### Exercise brief
Retype the lines from the one containing "Newer work shot" through the last line of the entries below, exactly and in full, omitting every image.
BEGIN Stored data
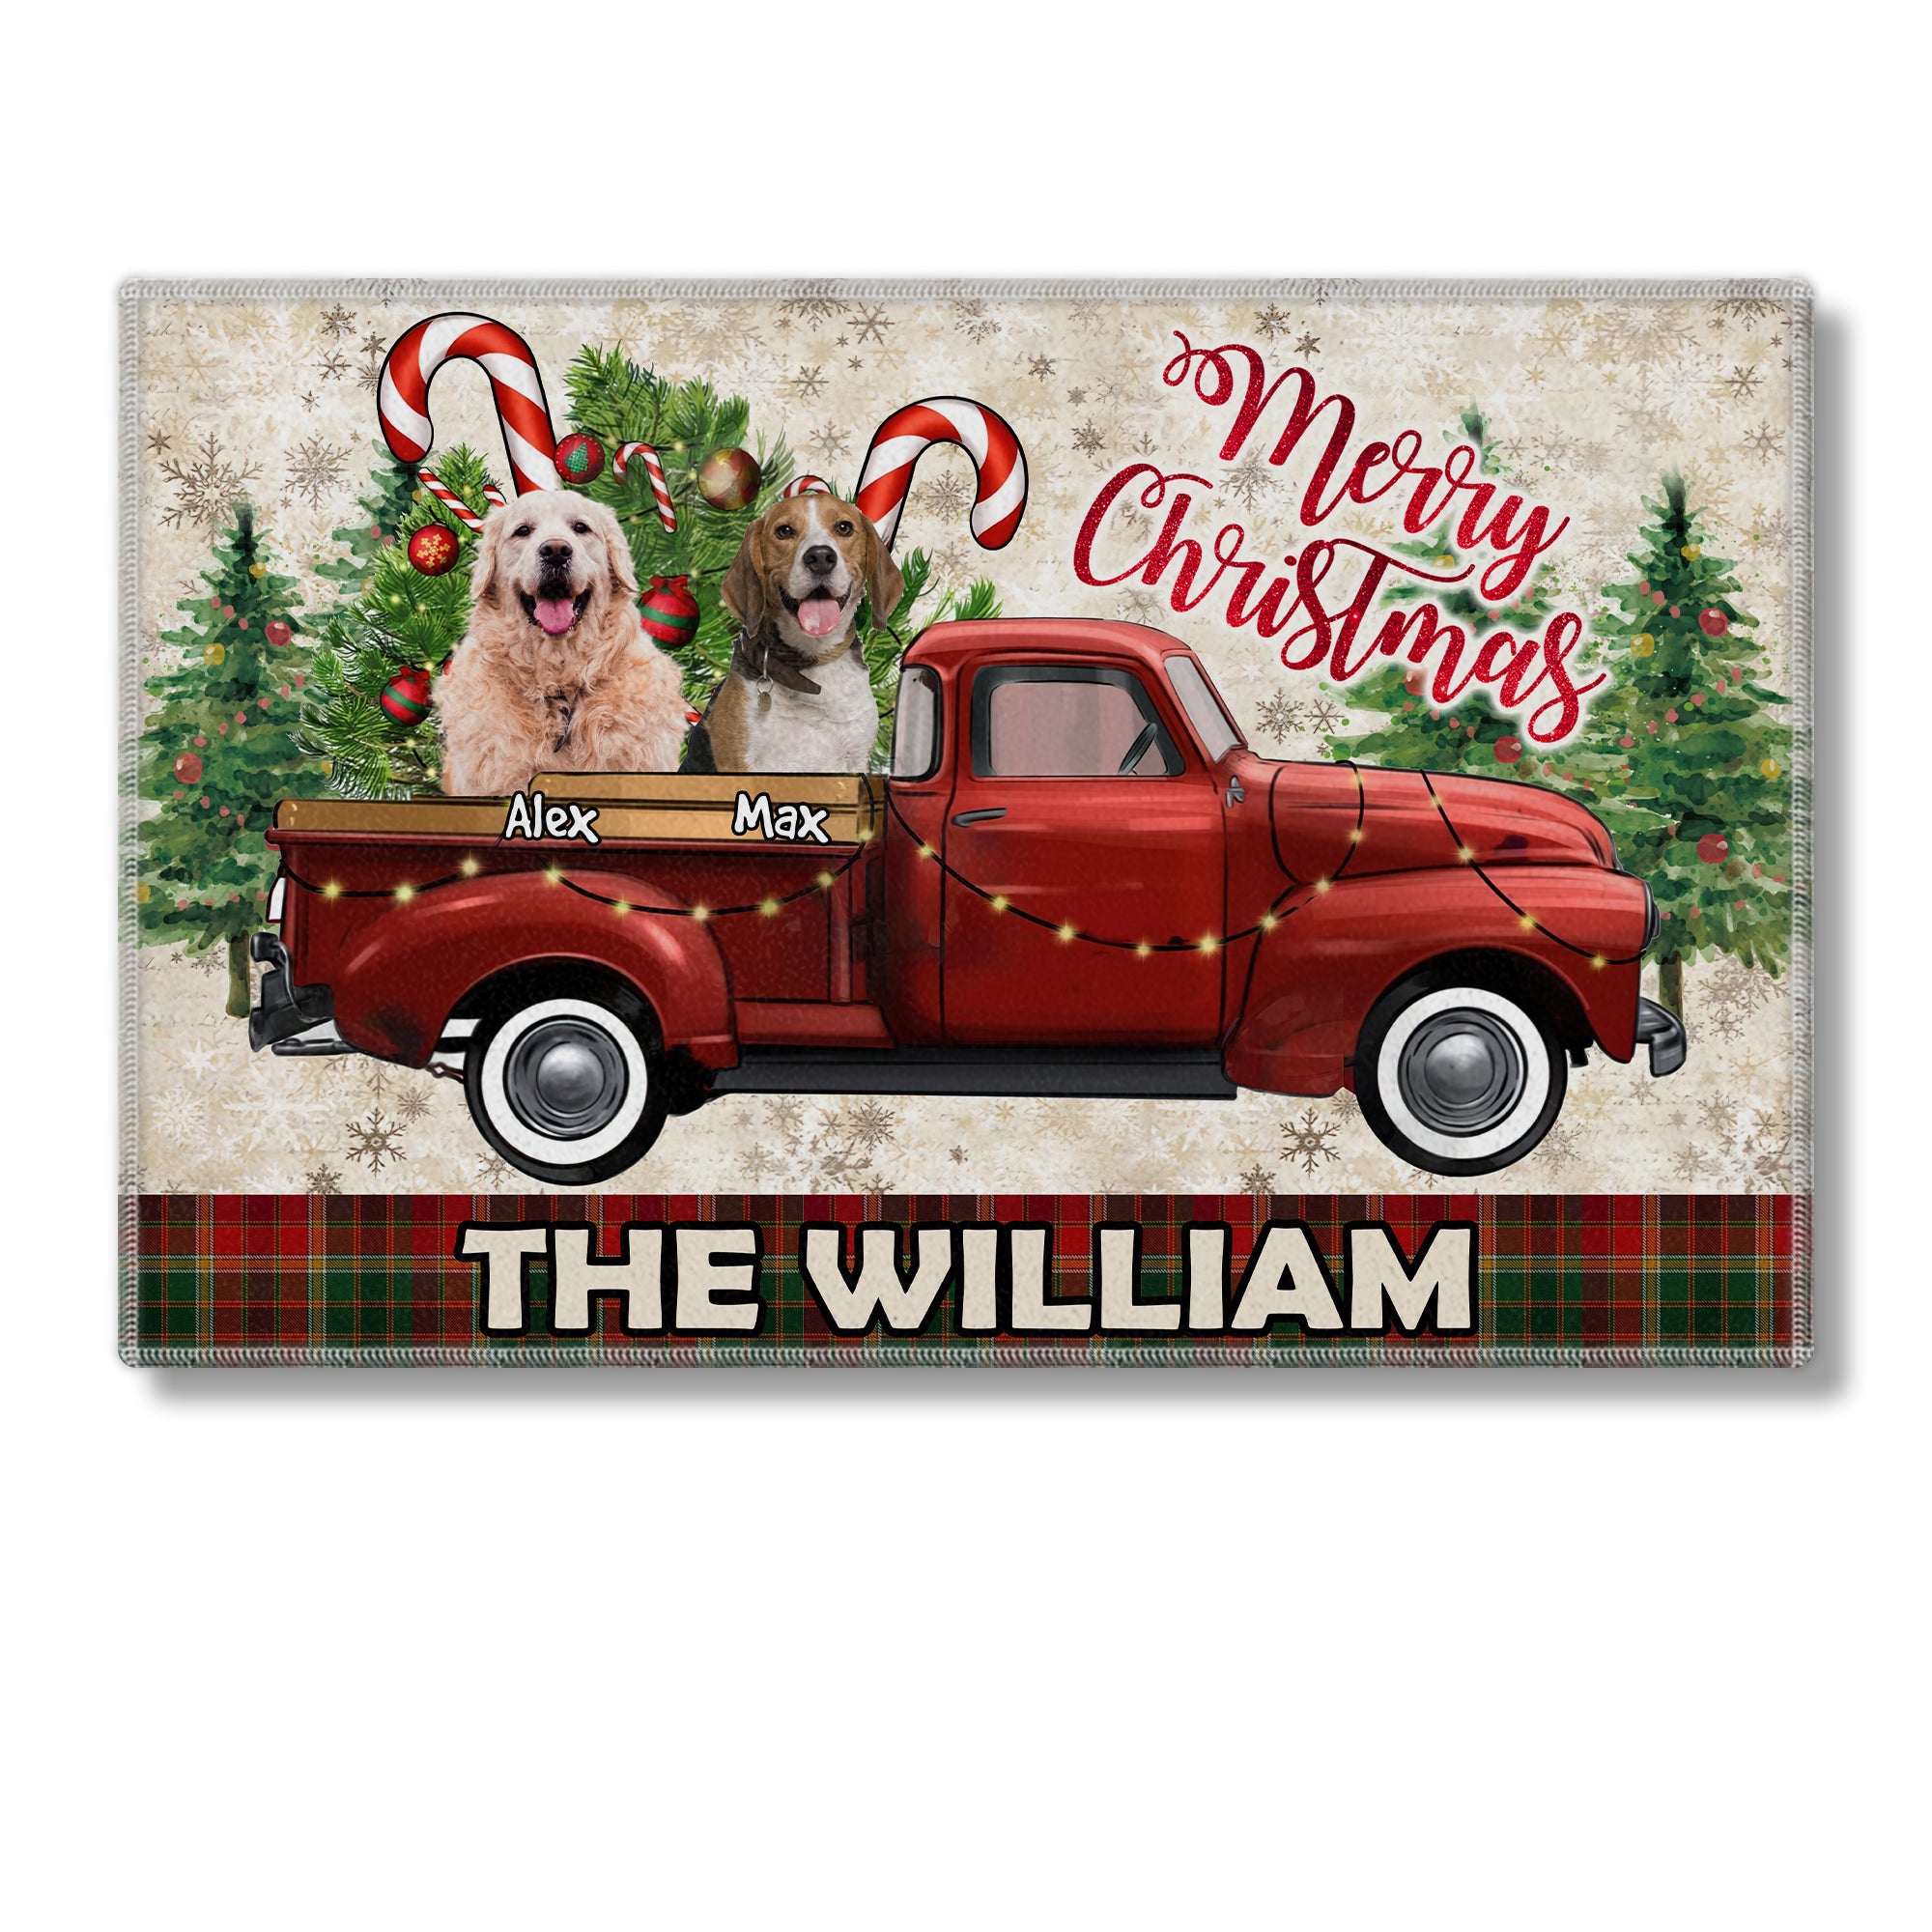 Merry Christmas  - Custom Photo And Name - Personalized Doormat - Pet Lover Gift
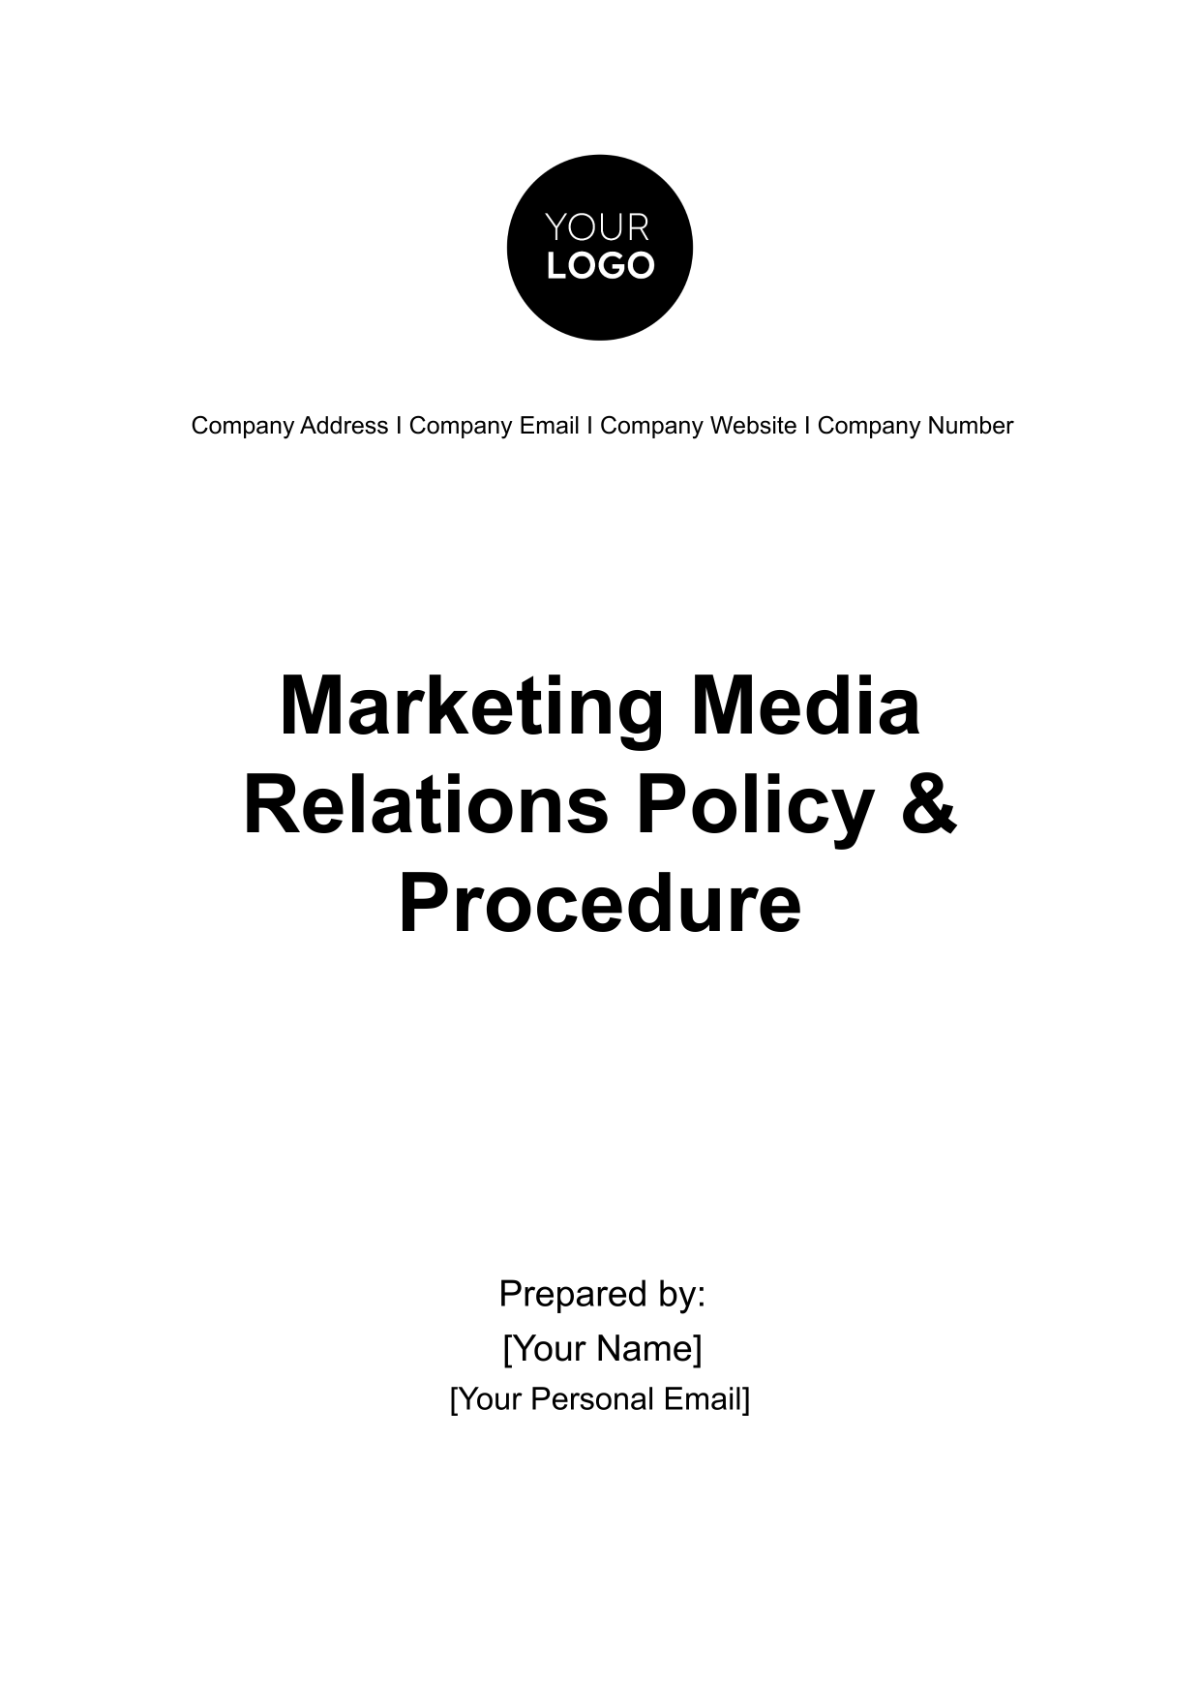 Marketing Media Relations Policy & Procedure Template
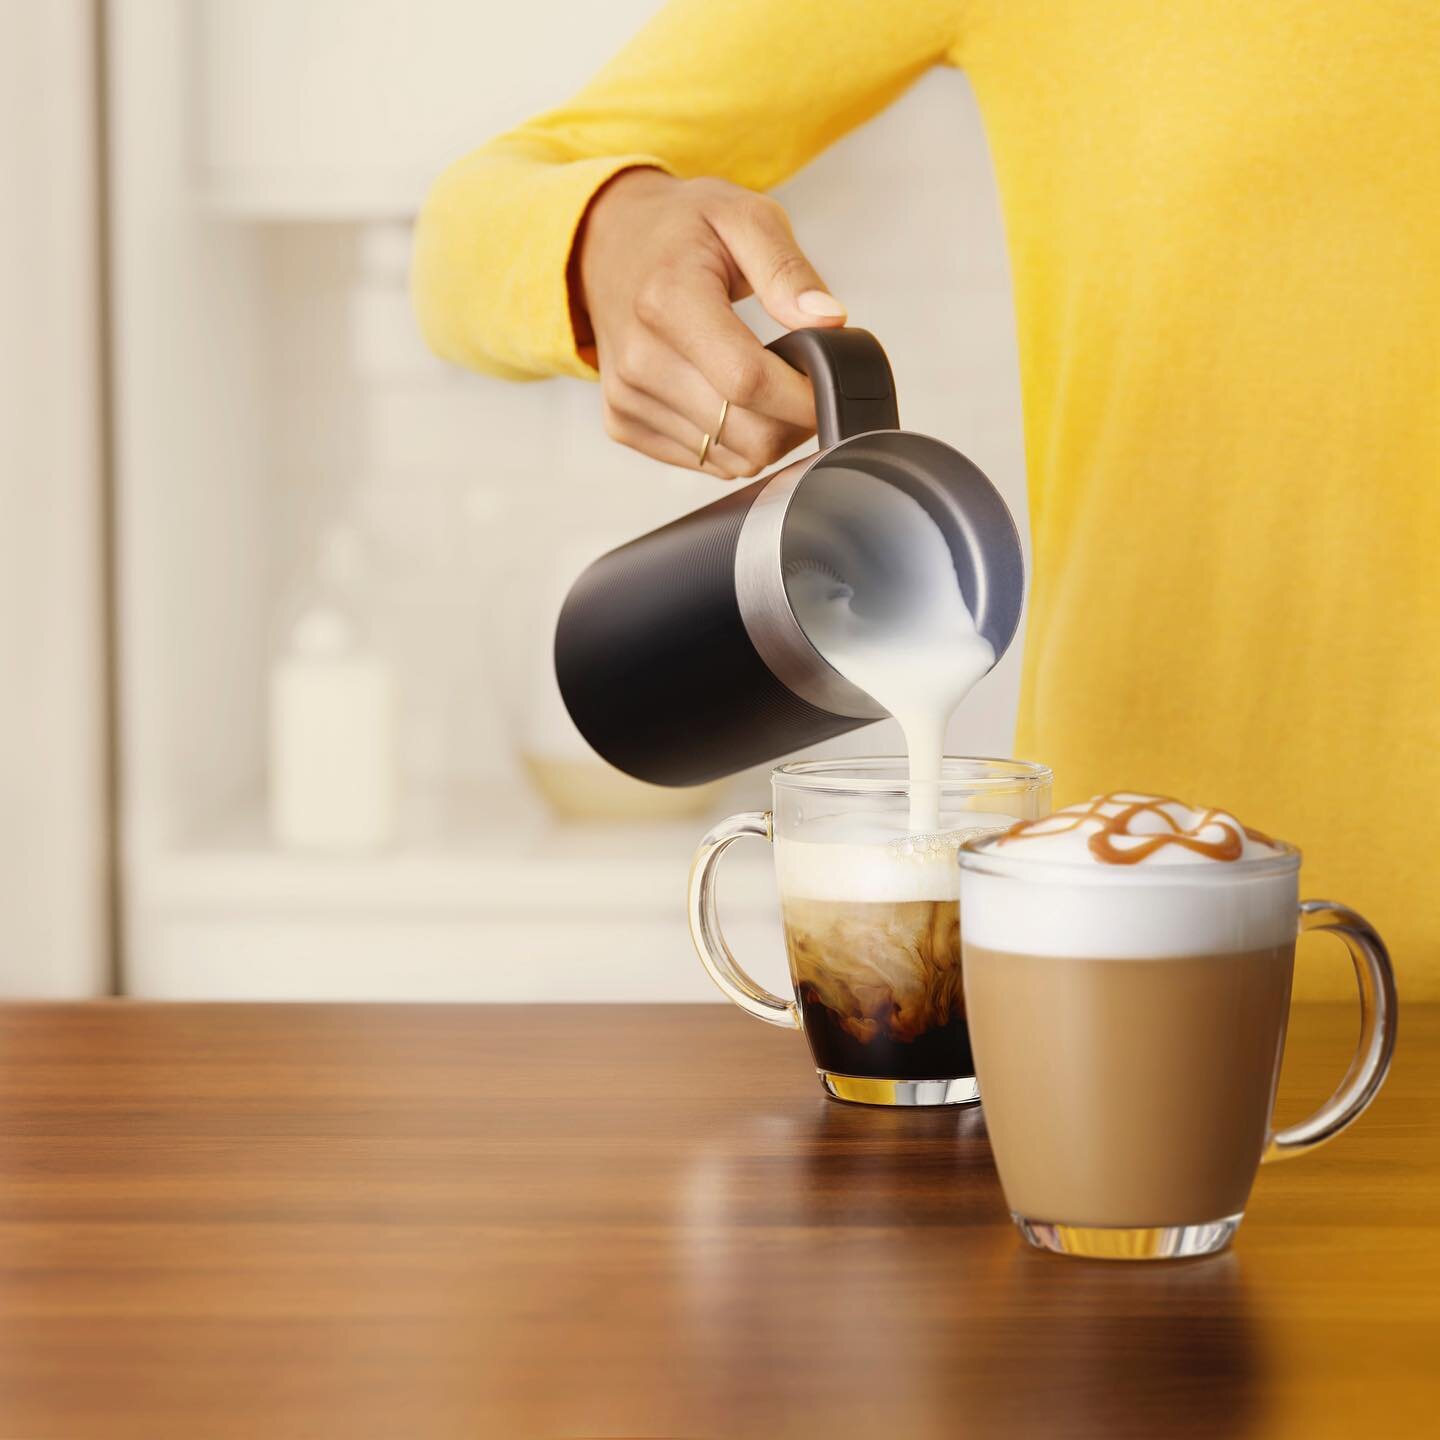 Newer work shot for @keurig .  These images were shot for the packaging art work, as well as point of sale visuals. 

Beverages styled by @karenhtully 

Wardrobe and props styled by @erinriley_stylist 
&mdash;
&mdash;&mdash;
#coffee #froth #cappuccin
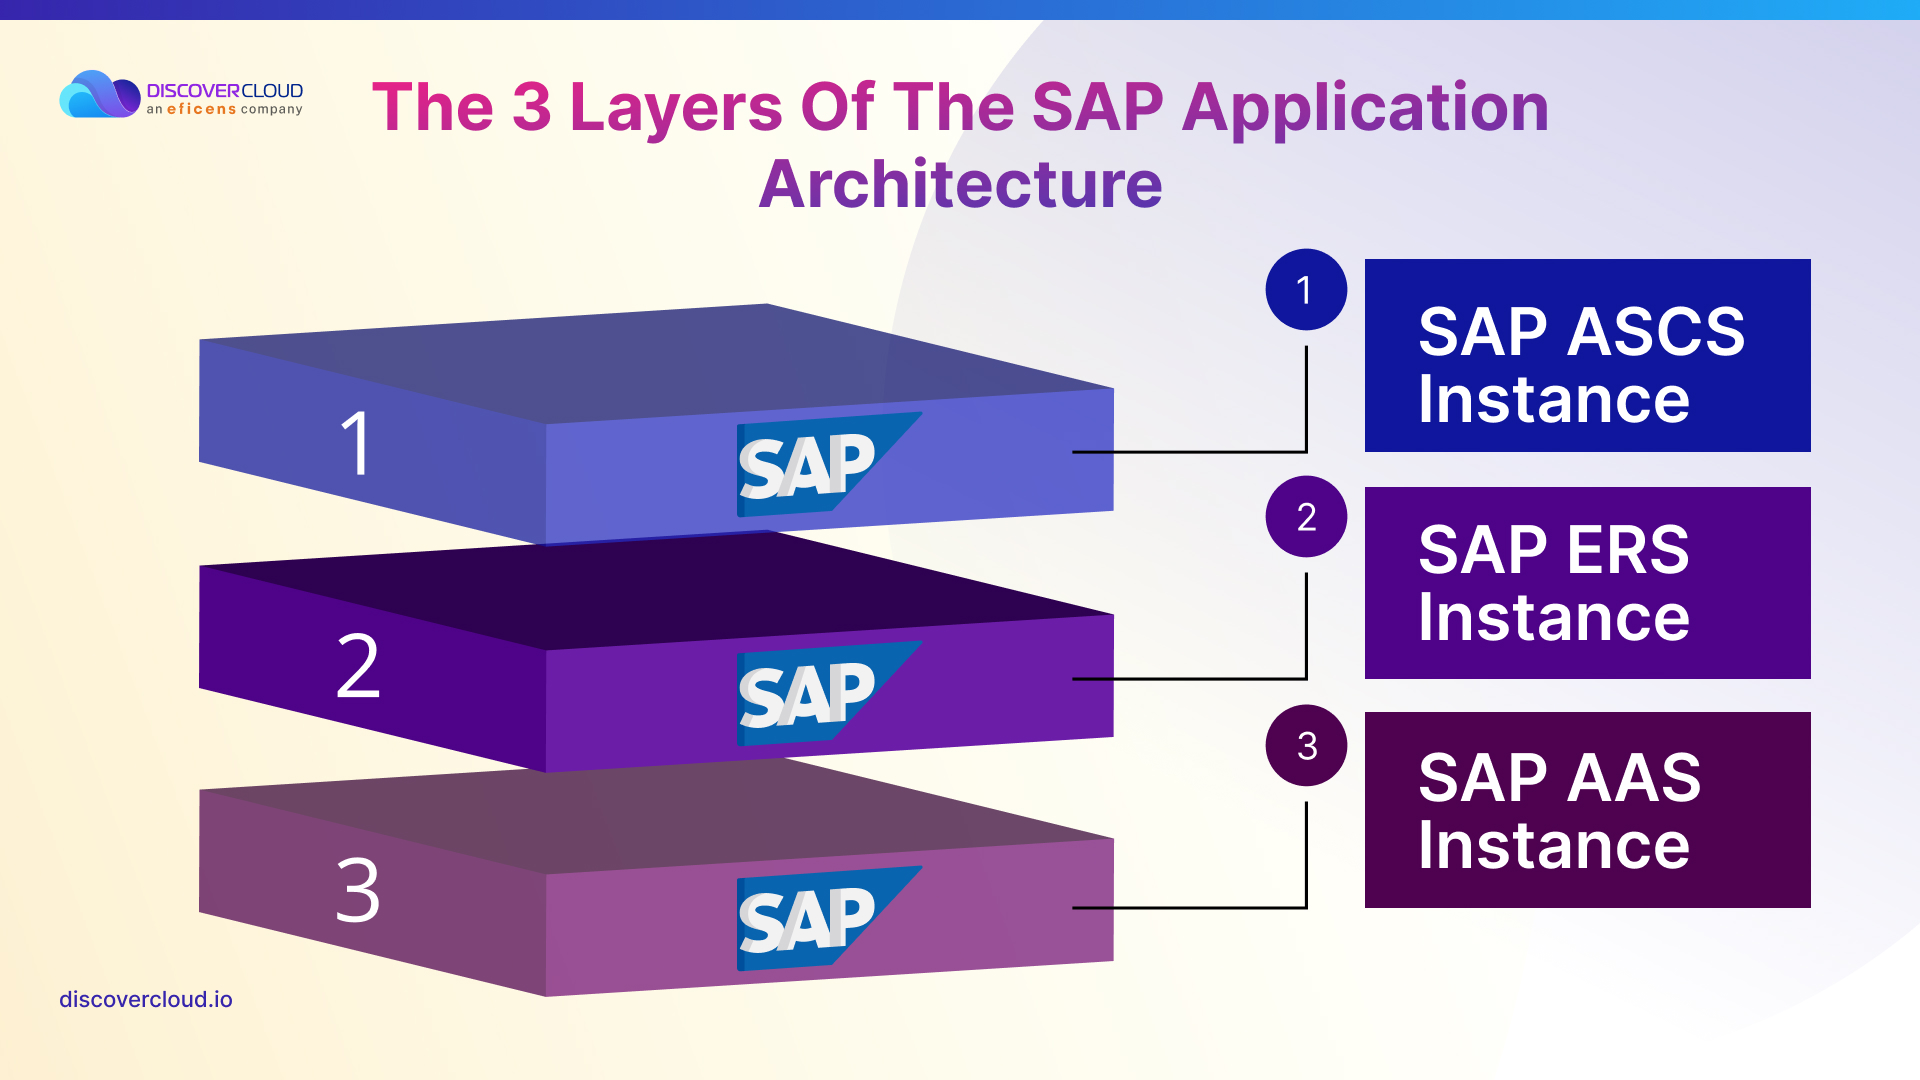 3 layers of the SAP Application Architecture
END Stored data
### Reply to the exercise
 Newer work shot for @keurig .  These images were shot for the packaging art work, as well as point of sale visuals. 

Beverages styled by @karenhtully 

Wardrobe and props styled by @erinriley_stylist 
&mdash;
&mdash;&mdash;
#coffee #froth #cappuccin
 3 layers of the SAP Application Architecture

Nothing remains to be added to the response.